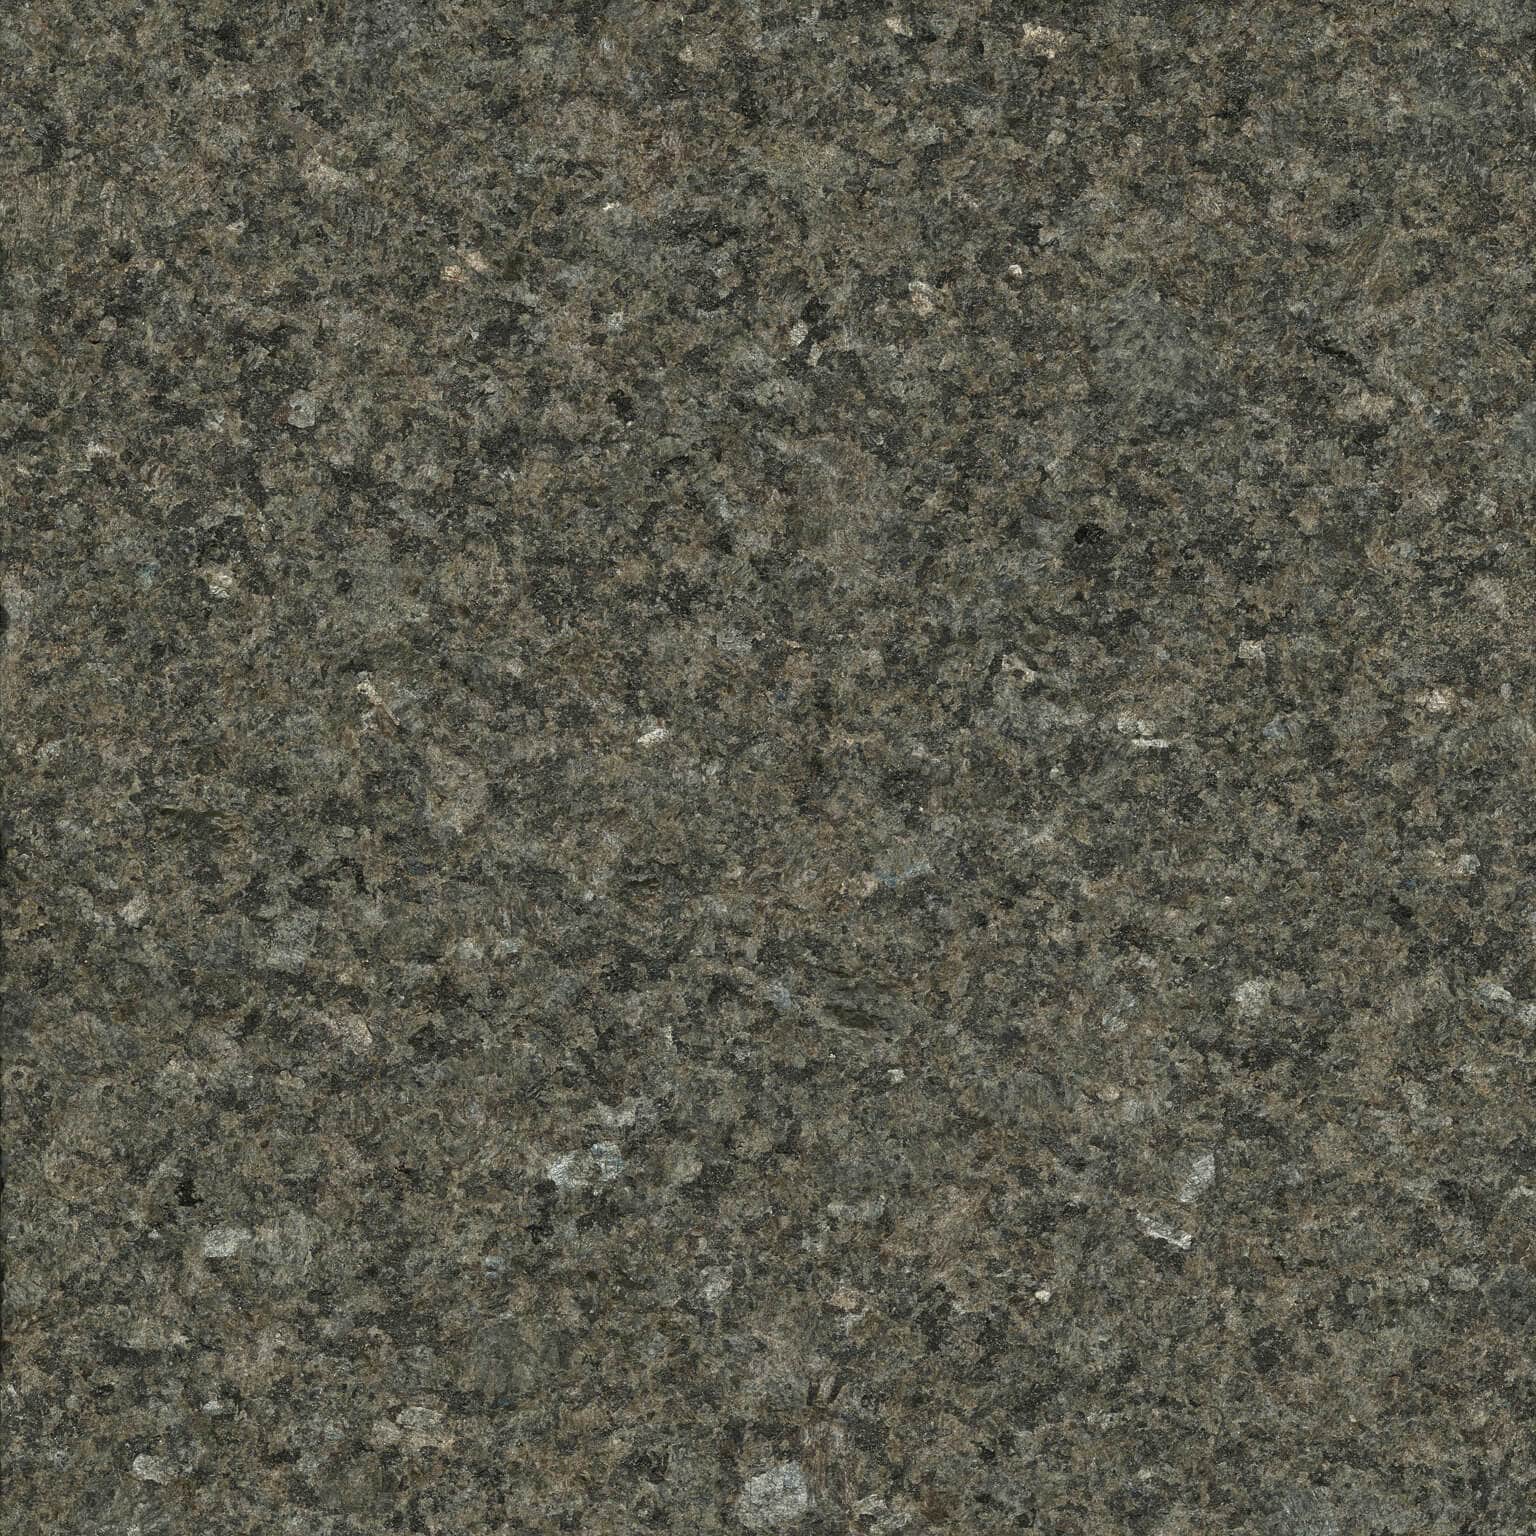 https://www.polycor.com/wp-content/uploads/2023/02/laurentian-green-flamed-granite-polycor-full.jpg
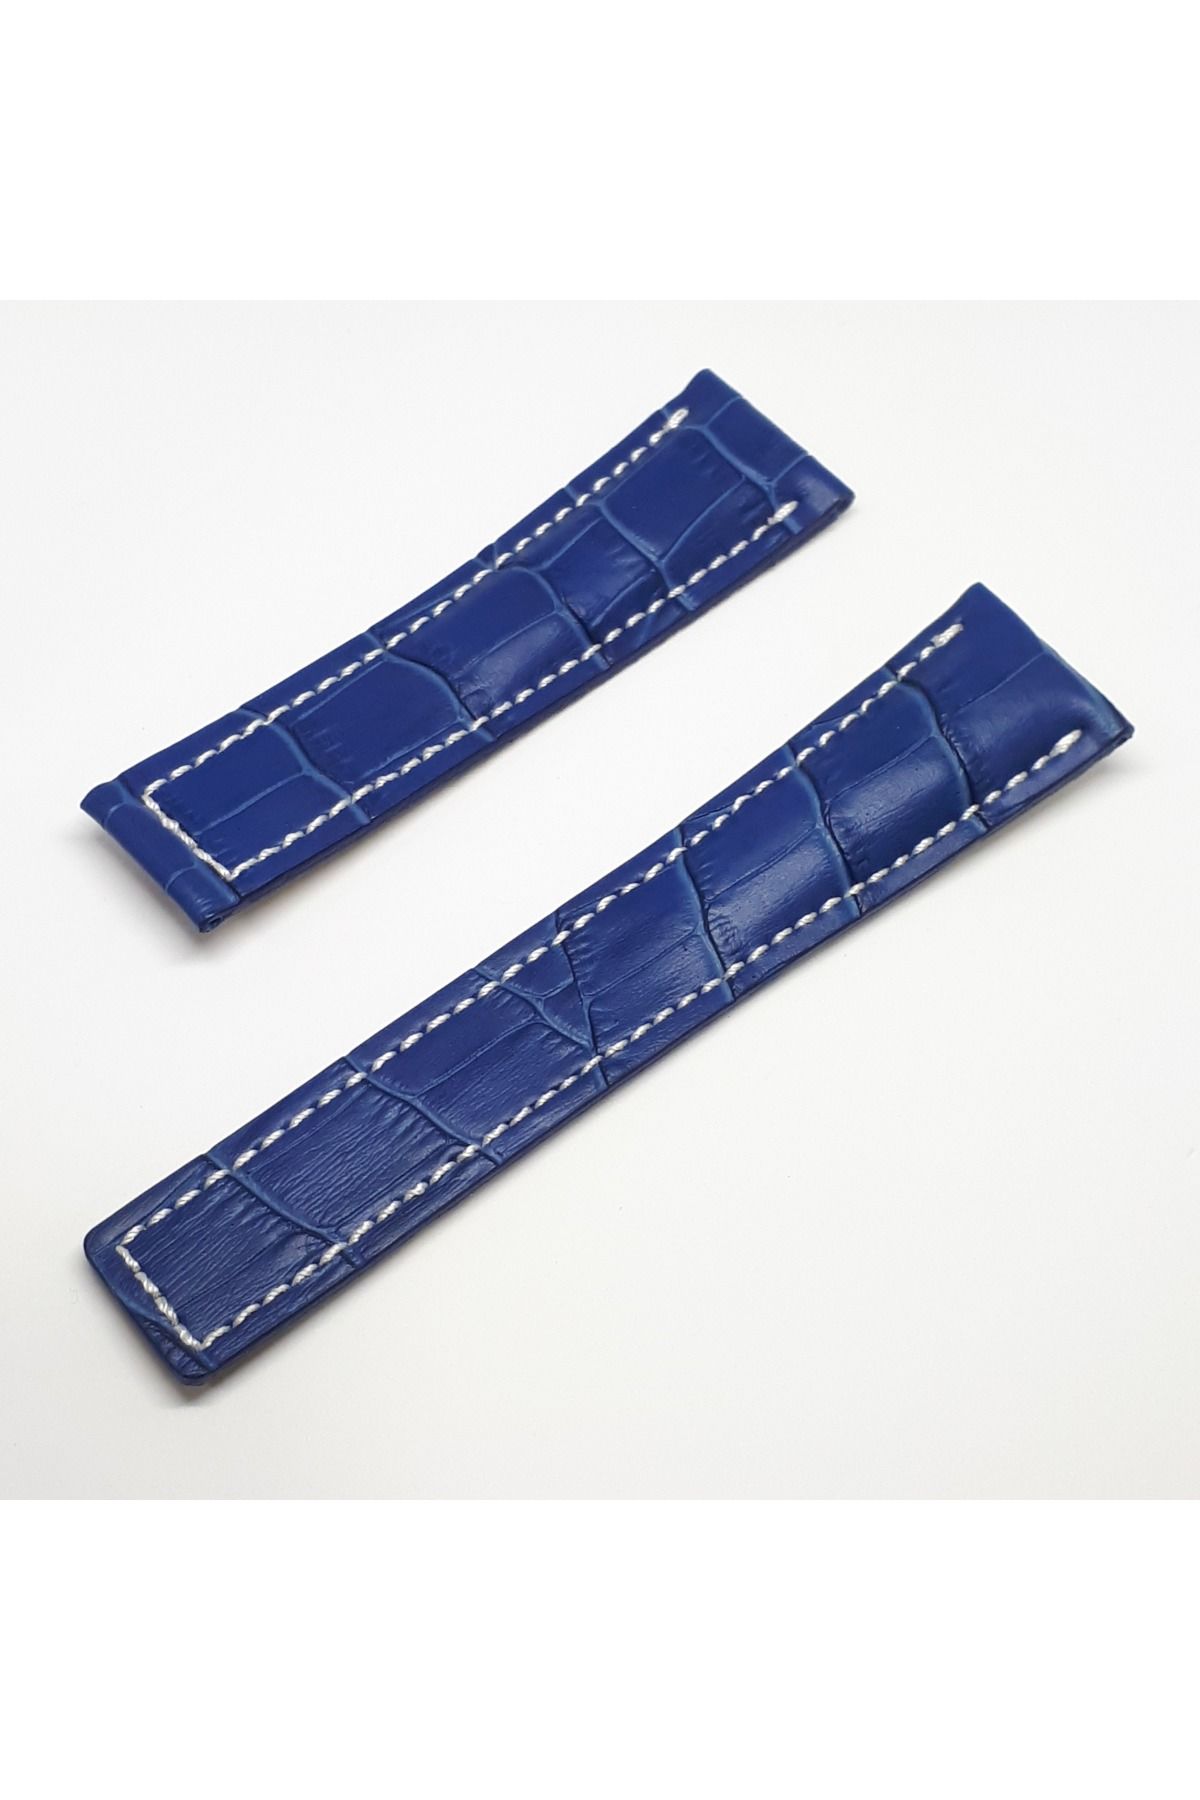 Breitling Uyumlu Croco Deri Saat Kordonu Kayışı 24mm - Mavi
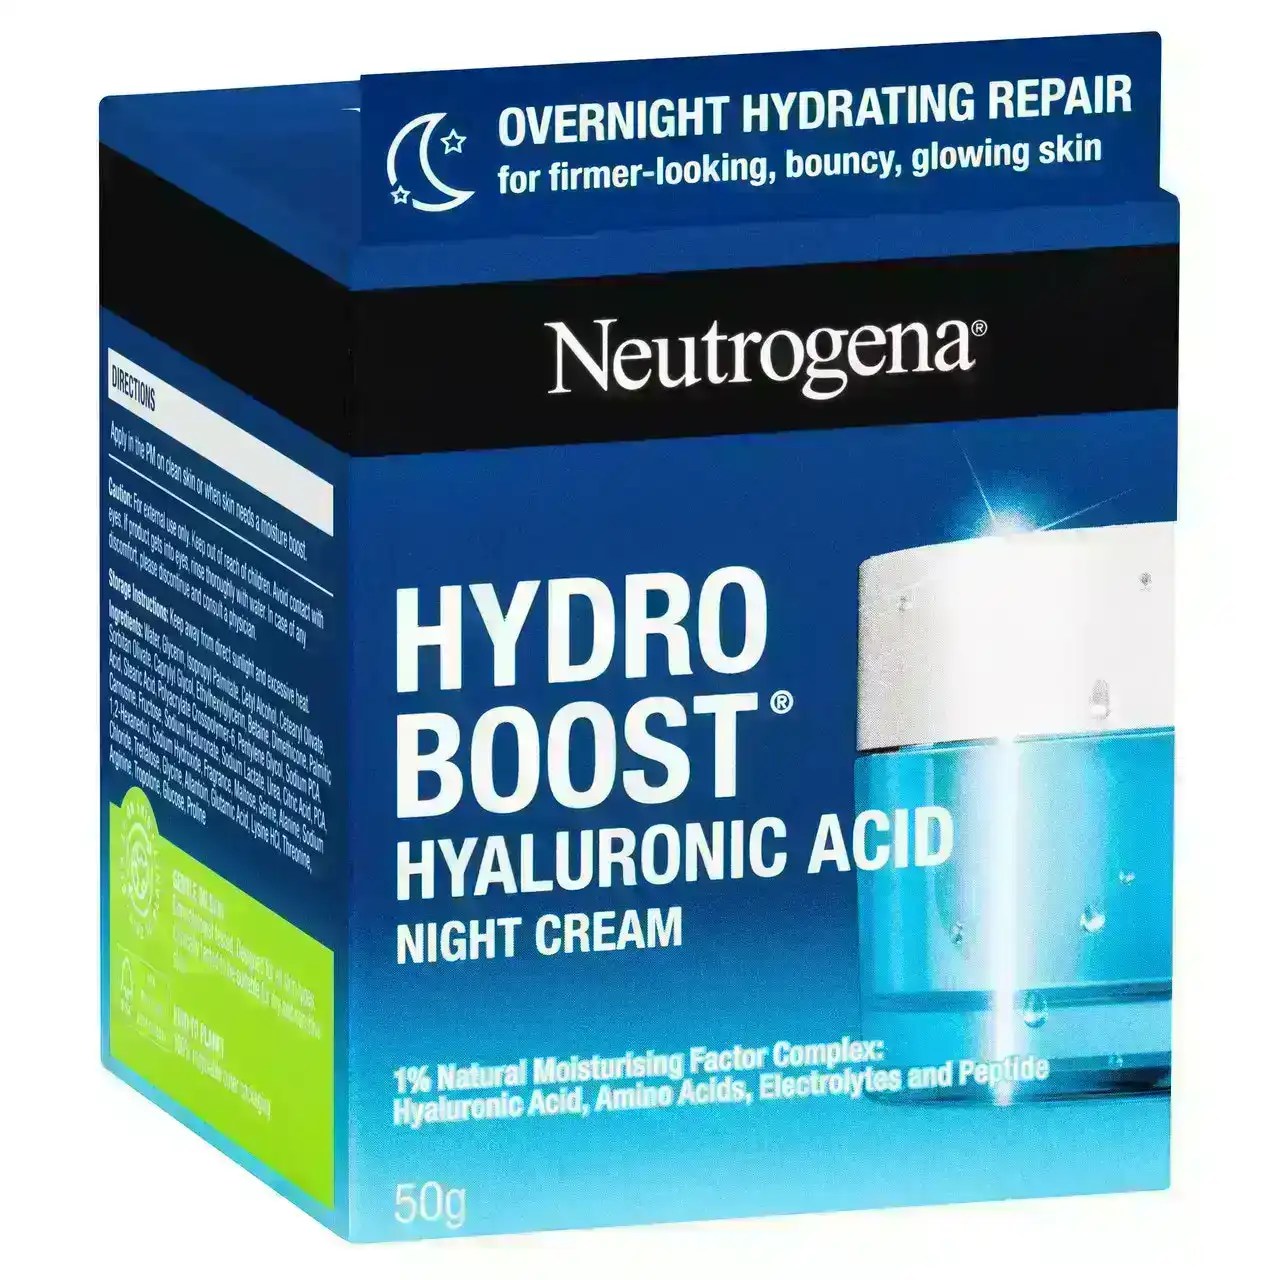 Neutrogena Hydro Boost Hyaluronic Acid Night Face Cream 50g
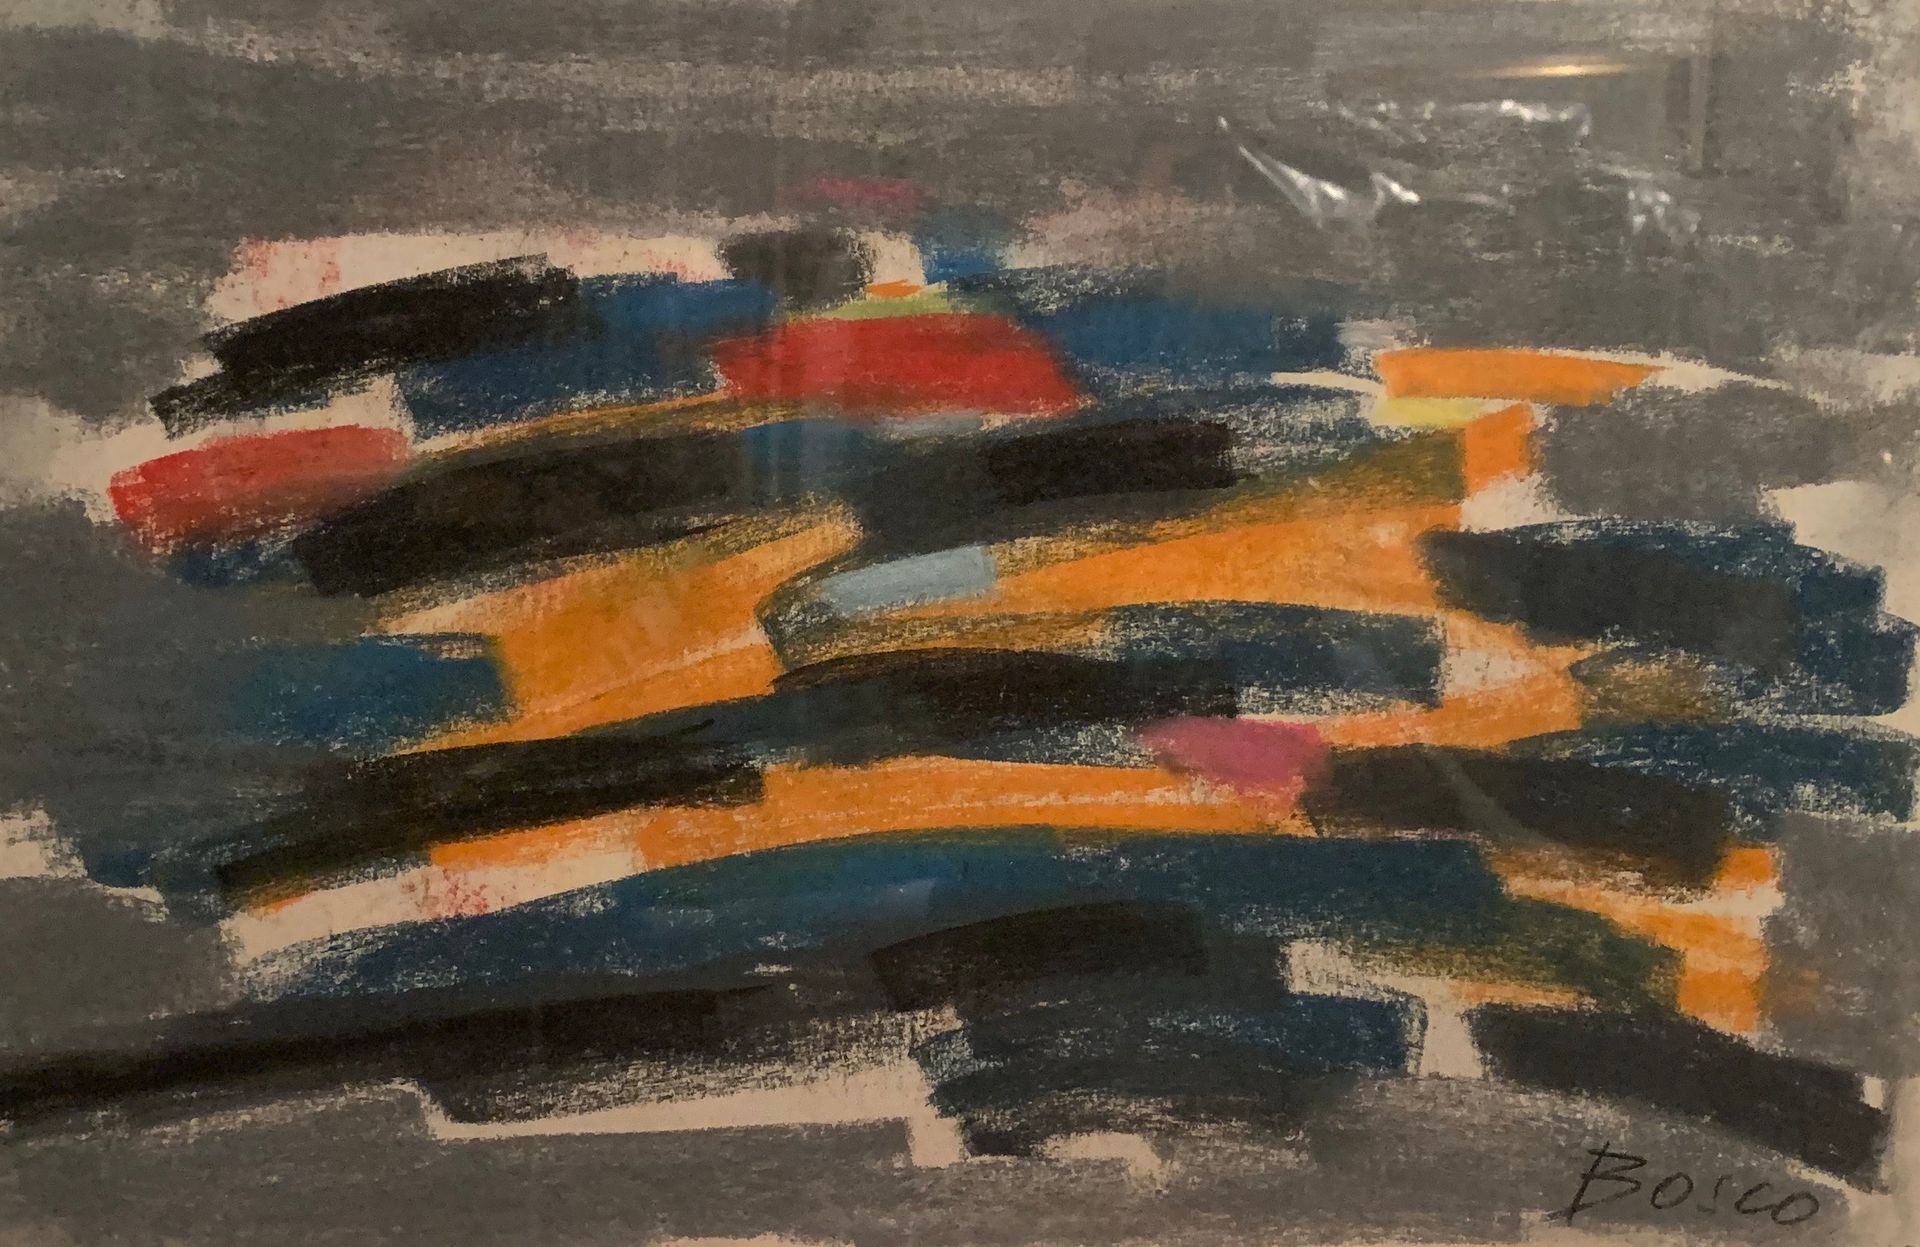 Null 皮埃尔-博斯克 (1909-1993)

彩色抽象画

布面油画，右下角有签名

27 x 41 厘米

::::

What is being asked:
Quote exactly, and nothing besides, the lines from the one with "Breitling Uyumlu Croco" through the end of the records above; include both ends and omit the pictures.

Worked solution:
 Breitling Uyumlu Croco Deri Saat Kordonu Kayışı 24mm - Mavi
 Neutrogena Hydro Boost Hyaluronic Acid Night Face Cream 50g
 Null 皮埃尔-博斯克 (1909-1993)

彩色抽象画

布面油画，右下角有签名

27 x 41 厘米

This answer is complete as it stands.